The task force, co-chaired by California Reps. Jay Obernolte and Ted Lieu, was established in February and tasked with producing this report. It complements related federal efforts, like the Department of Homeland Security’s task force and that of the National Institute of Standards and Technology.
The report released Tuesday, which Lieu described as “only the first step,” outlines guiding principles, 66 key findings, and 89 recommendations organized into 15 chapters. It is intended to be a tool to help Congress evaluate future policies.
“Collaborating across party lines to find consensus is not easy, and that is especially true for something as far-reaching and complex as AI,” Lieu said in a statement. “Despite the wide spectrum of political views of members on our task force, we created a report that reflects our shared vision for a future where we protect people and champion American innovation.”
The report first offers several guiding principles to act as considerations informing high-level policy: identify AI issue novelty, promote AI innovation, protect against AI risks and harms, empower government with AI, affirm the use of a sectoral regulatory structure, take an incremental approach, and keep humans at the center of AI policy.
In the first principle, the report states that policymakers can avoid duplication by considering whether issues raised by AI have precedent in existing laws. Some experts have previously argued this, explaining existing privacy and non-discrimination laws can often be applied to AI technologies.
The report’s 15 chapters represent different areas of focus for AI issues and innovation, each of which includes findings and recommendations. The report focus areas are government use; federal pre-emption of state law; data privacy; national security; research, development and standards; civil rights and civil liberties; education and workforce; intellectual property; content authenticity; open and closed systems; energy usage and data centers; small business; agriculture; health care; and financial services.
On government use, the report advises the federal government to support and adopt AI standards to govern use, reduce administrative burden for AI use, improve systems’ cybersecurity, encourage supportive data governance strategies, and understand and support government workforce AI needs.
Its second chapter argues federal legislation pre-empts state AI laws, which can help the federal government accomplish its AI policy goals and address a fragmented policy landscape across states.
On data privacy, the report advises promoting secure access to data and taking a tech-neutral approach to privacy laws.
AI is a critical component of national security, the report posits, and a technology being used by U.S. adversaries; it recommends congressional oversight, more AI training at the Department of Defense, and continued oversight over autonomous weapon policies. International cooperation on AI in military contexts should be supported, according to the report.
AI’s impact on different industries and support for research and development deserve continued monitoring, it advises; public-private partnerships are projected to be a key component of this. Small-business research on AI, the report says, should also be supported.
Improper AI use can violate civil rights laws, the report acknowledges, though its writers indicate human oversight can help identify and mitigate this risk. They also recommend agencies be transparent about AI in decision-making and take action to protect against the use of AI in decision-making where it has the potential for discriminatory outcomes.
When considering education and workforce needs, the report argues more resources for AI literacy are needed, and recommends support for the National Science Foundation in its development of curriculum. Existing workforce development programs, it finds, may need to be re-evaluated to address AI skilling needs.
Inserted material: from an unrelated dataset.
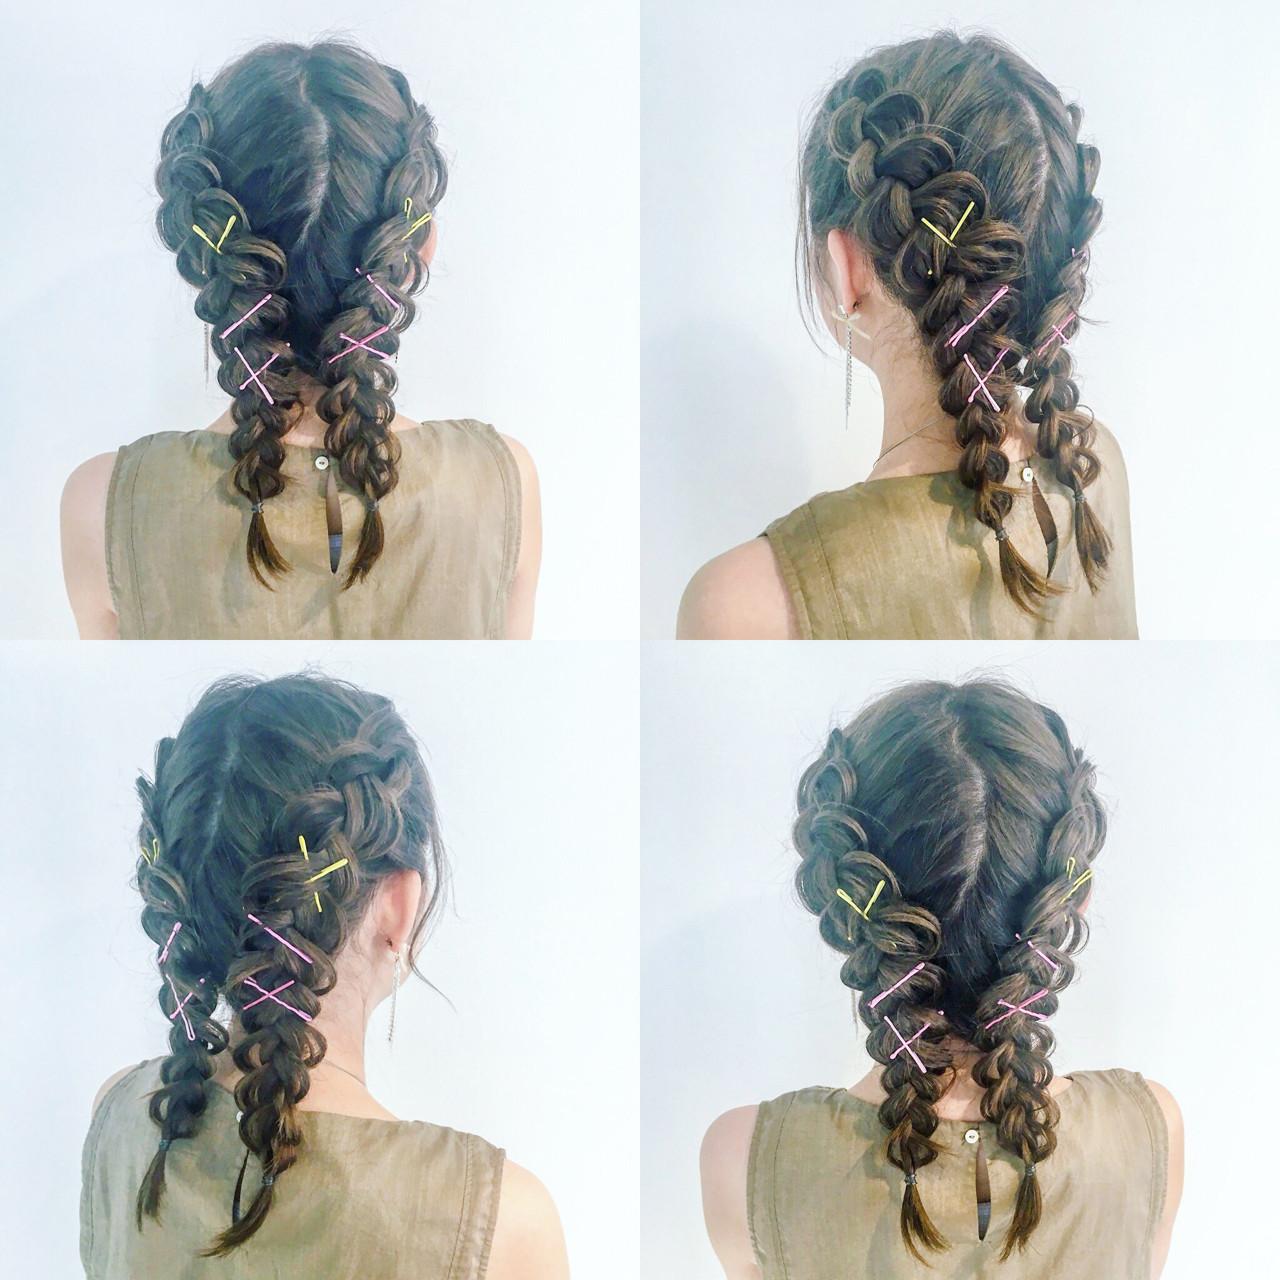 セミロング ガーリー ヘアアレンジ かわいい ヘアスタイルや髪型の写真・画像

The report recommends clarification on intellectual property regulations and action to counter increasing negative impacts of AI deepfakes.
In a similar vein, its content authenticity chapter explores how content produced by generative AI systems can be authenticated, arguing no such single technical solution exists right now. The report recommends a risk-based approach, ensuring victims of harmful content of this nature have tools to address the harm.
The report supports open AI models, with continued monitoring of their risks.
AI technology currently uses significant energy, even in the most advanced models, which creates a security risk around grid resilience and environmental impact concerns. The report recommends new standards and metrics for communicating energy use, and greater exploration of its role in energy-efficiency initiatives.
For small businesses, AI literacy and the resources to use the tools may be lacking; efforts to support small businesses' AI literacy and adoption should be considered, the report finds.
In agriculture, the report acknowledges the potential for enhanced productivity and resource management, noting the lack of reliable network connectivity as an impediment.
AI can be used in health care to speed drug development and clinical diagnosis but, per the report, its use should be safe and transparent and use a risk-management approach to AI adoption, to prevent disparate health outcomes.
The report finds AI can be transformative for and expand access to financial services, but its adoption should be responsible and protect consumers. A principles-based regulatory approach will allow flexibility and ensure regulations do not hinder adoption by small businesses.
More information on the task force's findings can be found in the report, which Obernolte referred to in a statement as “an essential tool” for AI policymaking.